Established in 1946 with an initial capital of just 190,000 yen (roughly Rs 119,500 or $1,685) and 20 employees, the Japanese technology giant has today grown into a colossus, with more than 117,300 employees and a market capital of $65.36 billion.  

In India, Sony has been facing rough weather across its segments, the worst affected, perhaps being its television business. Yet, the company’s managing director in India, Sunil Nayyar, is unfazed. “Sony is only talking about premium,” Nayyar, the first Indian to head the company’s India operations, told BW Businessworld recently. 

At one point, the major growth drivers for Sony India were its high-end Bravia televisions, the Vaio laptops and the Xperia hand phones, contributing to a whopping 70 per cent of its total revenue. After pulling out the smartphones and the laptops from the Indian market, Sony has over the last few years zeroed in on audio and digital imaging products. 

Nayyar said Sony is now focused only on the premium-end in India and is the largest brand in OLED and 4K HDR televisions, high-end headphones such as those with noise-cancelling features, party speakers, full-frame mirror-less cameras and lens segments. “We are going strong in our premium product portfolio and are bullish about it,” he said.  

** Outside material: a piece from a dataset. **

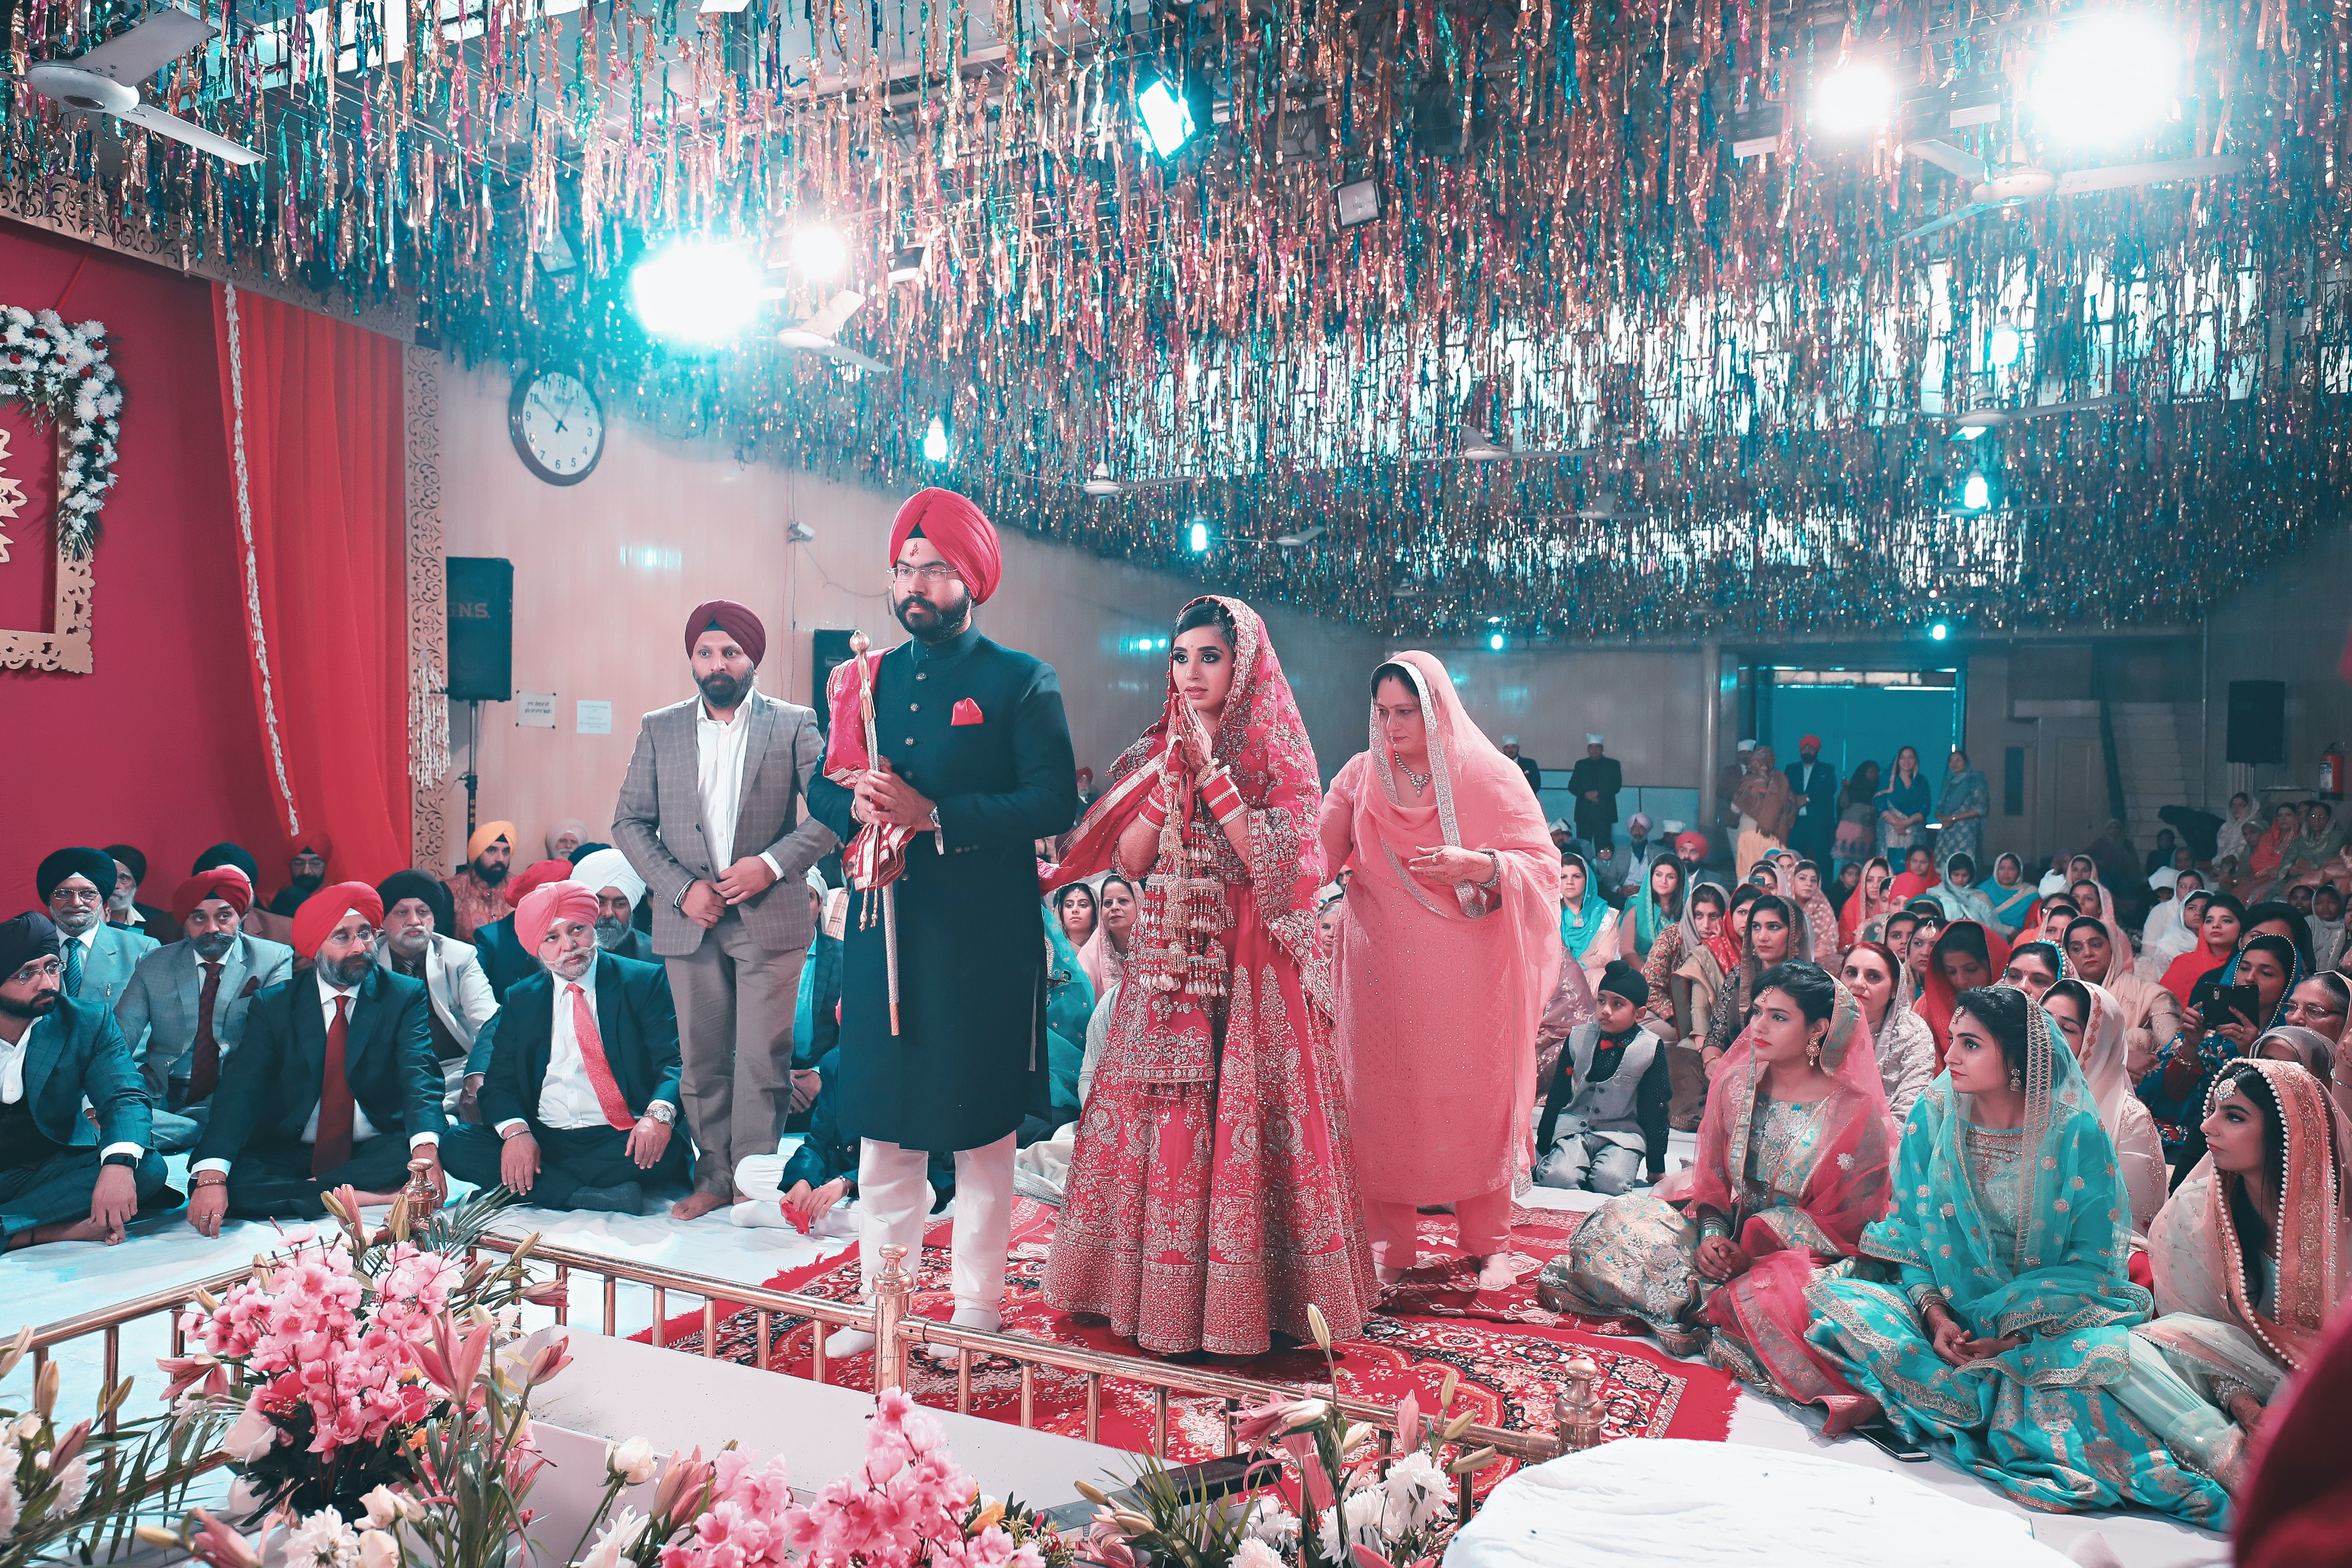 Free stock photo of wedding photographer Chandigarh

The Indian arm of the Tokyo-based transnational now generates around 65 per cent of its revenue from the television segment, 15 per cent from audio, 10 per cent from camera and the remaining 10 per cent from other products. 

Sony Corporation expects its India operations to be its third-largest in the world in the coming decade. Sony India already oversees its fourth-largest market globally, which overtook its businesses in Brazil and Russia a few years back. India now trails behind the US, China and Japan in that order, in terms of global revenue. 

“India is currently the fourth largest contributor to global sales by value and remains a strategic and important market, given the favourable demographics and growing affluence of the middle class,” Nayyar said. No doubt Sony India’s business has been severely impacted, especially in the 32-inch television space. Nayyar, however, is extremely confident of market leadership. 

“The chunk of the market is competing for volumes near the bottom of this pyramid. However, there are a growing number of buyers looking for premium products, and we’re encouraged by market growth in the premium segment,” he said.  

Financial returns, however, are one among a range of parameters on which companies in India were assessed for the MRC rankings. The other parameters included ‘trustworthy leadership’, ‘corporate social responsibility’ and ‘work culture’. In India, Sony is involved in skilling the youth. Last September, it joined hands with the National Skills Development Corporation (NSDC) and Kedman Skilling to provide job opportunities to candidates from their future talent pool. 

“As a committed player towards employability development in India, we at Sony India are proud to partner with NSDC to provide job opportunities to Indian youth,” said Sanjay Bhatnagar, National Head-HR, CSR, Admin and Facilities, Ethics and Compliances at Sony India. 

In the days ahead, Sony aims to hire resources from the NSDC as associates across more than 150 tier-1, tier-2 and tier-3 cities around the country.